Huang arrived in the region in the fall of 880 with a force reckoned as 150,000 strong. He defeated the 6000 men under Cao Quanzhen (曹全晸), the military governor of Tianping (天平) around modern Tai'an, Shandong, by sheer numerical advantage. Around the same time, Xue Neng (薛能), the military governor of Zhongwu (忠武) around modern Xuchang, Henan, was killed in a mutiny led by Zhou Ji. Worried that Zhou would next ambush him, Qi abandoned his defensive position and returned to Taining's capital Yanzhou (兗州). Following his example, the other jiedushi also abandoned their own defensive positions along the Yin River, allowing Huang an open path toward the imperial capitals of Luoyang and Chang'an.

Qi then marched to protect Luoyang but, faced with Huang's growing strength, abandoned it to garrison the Tong Pass and block the Huang's path toward Chang'an. Qi still had more than 10,000 soldiers, but his troops lacked any food supply. Emperor Xizong ordered Zhang Chengfan (張承範), general of the imperial guard, to reinforce Qi with a few thousand more troops, but Zhang objected that neither his men nor Qi's had any rations. Emperor Xizong sent Zhang on his way anyway, claiming that supplies would follow, but none did.

Zhang's relief troops and Huang's vanguard arrived at Tong Pass on the same day, 4 January 881. Qi's troops and Huang's battled for most of the morning. Around noontime, Qi's troops began collapsing from hunger. They trampled through Jinkeng (禁坑), a valley full of thorns that was serving as part of the defensive perimeter for Tong Pass. With the thorns destroyed, the pass was vulnerable to attack from a new flank. Qi fled while Zhang continued to try to defend Tong Pass, but in the end it fell. Huang to continued on and captured Chang'an, while Emperor Xizong fled to Chengdu. From the official histories of the dynasty, Qi was apparently uninvolved with the ultimate Tang victory over Huang and the emperor's restoration to Chang'an.
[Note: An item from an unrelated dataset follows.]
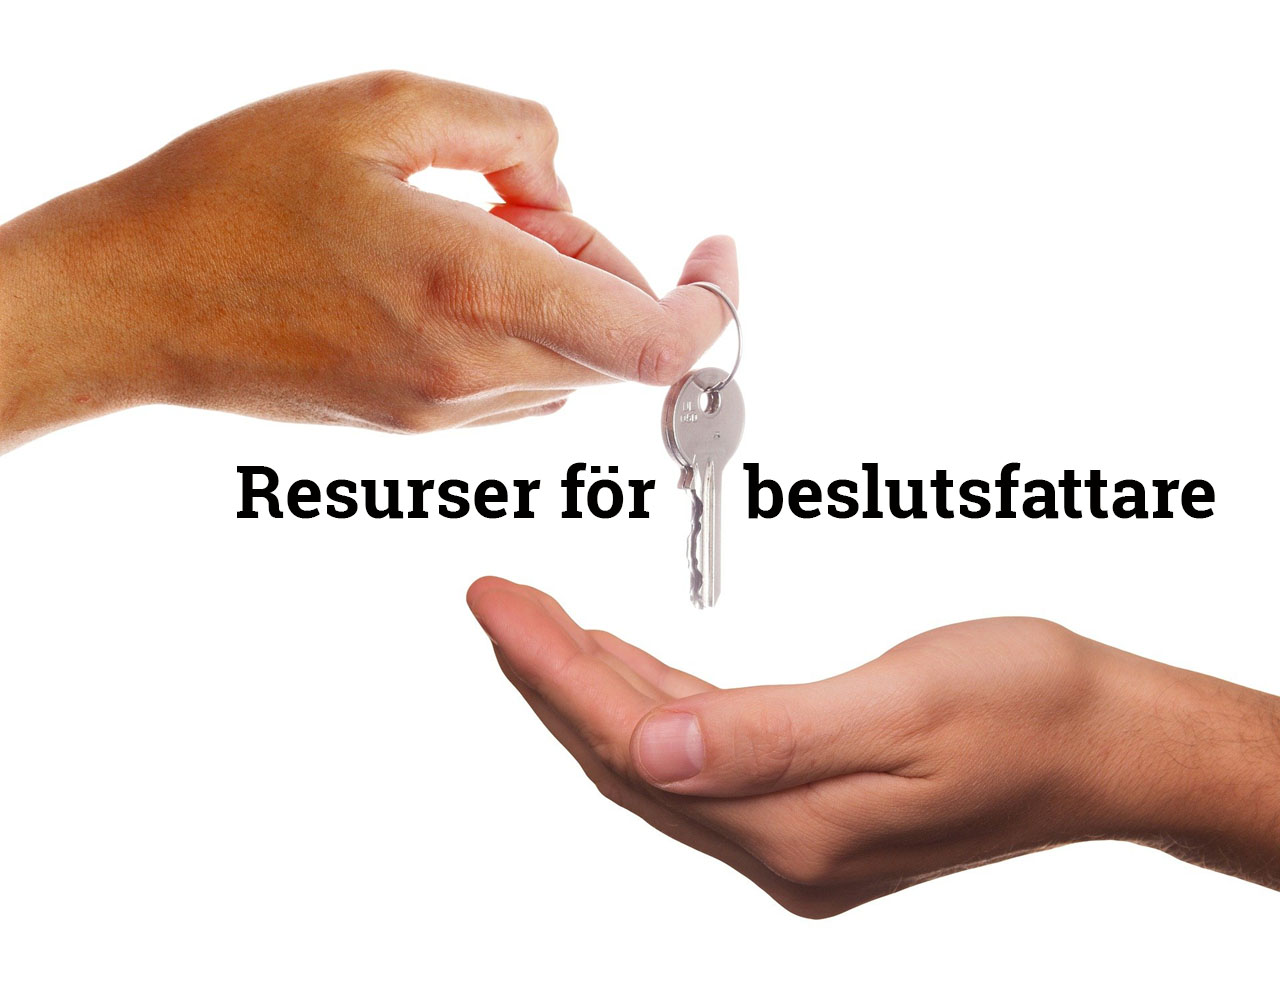 Händer som överlämnar två nycklar med rubriken, "Resurser för beslutsfattare".

===Wang Chongrong's disputes with the imperial court===
Despite his failure against Huang Chao, Qi apparently maintained his position in Taining. In 885, a major dispute occurred between the powerful eunuch Tian Lingzi and Wang Chongrong, the military governor of Hezhong (河中) around modern Yuncheng, Shanxi, largely concerning salt revenues. Tian attempted to order Wang Chongrong's transfer to Taining, moving Qi to Yiwu around modern Baoding in Hebei and moving Yiwu's military governor Wang Chucun to Hezhong. Wang Chucun complied with the order in a desultory fashion, allowing the first prefect he met in Chongrong's territory to turn him around, and defended Wang Chongrong in a memorial to the throne. Meanwhile, Wang Chongrong and his ally Keyong]], the military governor of Hedong (河東) around modern Taiyuan, Shanxi, gathered their troops and defeated the combined forces of Tian and his allies Zhu Mei, the military governor of Jingnan (靜難) around Xianyang, Shaanxi, and Li Changfu, the military governor of Fengxiang (鳳翔) around modern Baoji, Shaanxi. What position Qi took during the affair is unclear: there is no record that he either refused to report to Yiwu or attempted to.

===Overthrow===
In 886, Zhu Jin, an officer at Tianping and the cousin of its military governor Zhu Xuan, asked to marry Qi's daughter. Qi agreed and Zhu Jin led a procession from Tianping's capital Yunzhou (鄆州) to Yanzhou. Having reached Yanzhou, on the day that he was supposed to receive his bride, he used his entourage and the weapons and armor hidden among his wagons to made a surprise attack, evicting Qi from the city. Zhu Jin took over Taining and was eventually formally commissioned as its new military governor. This is the last historical reference to Qi, and it is unknown what happened to him afterwards.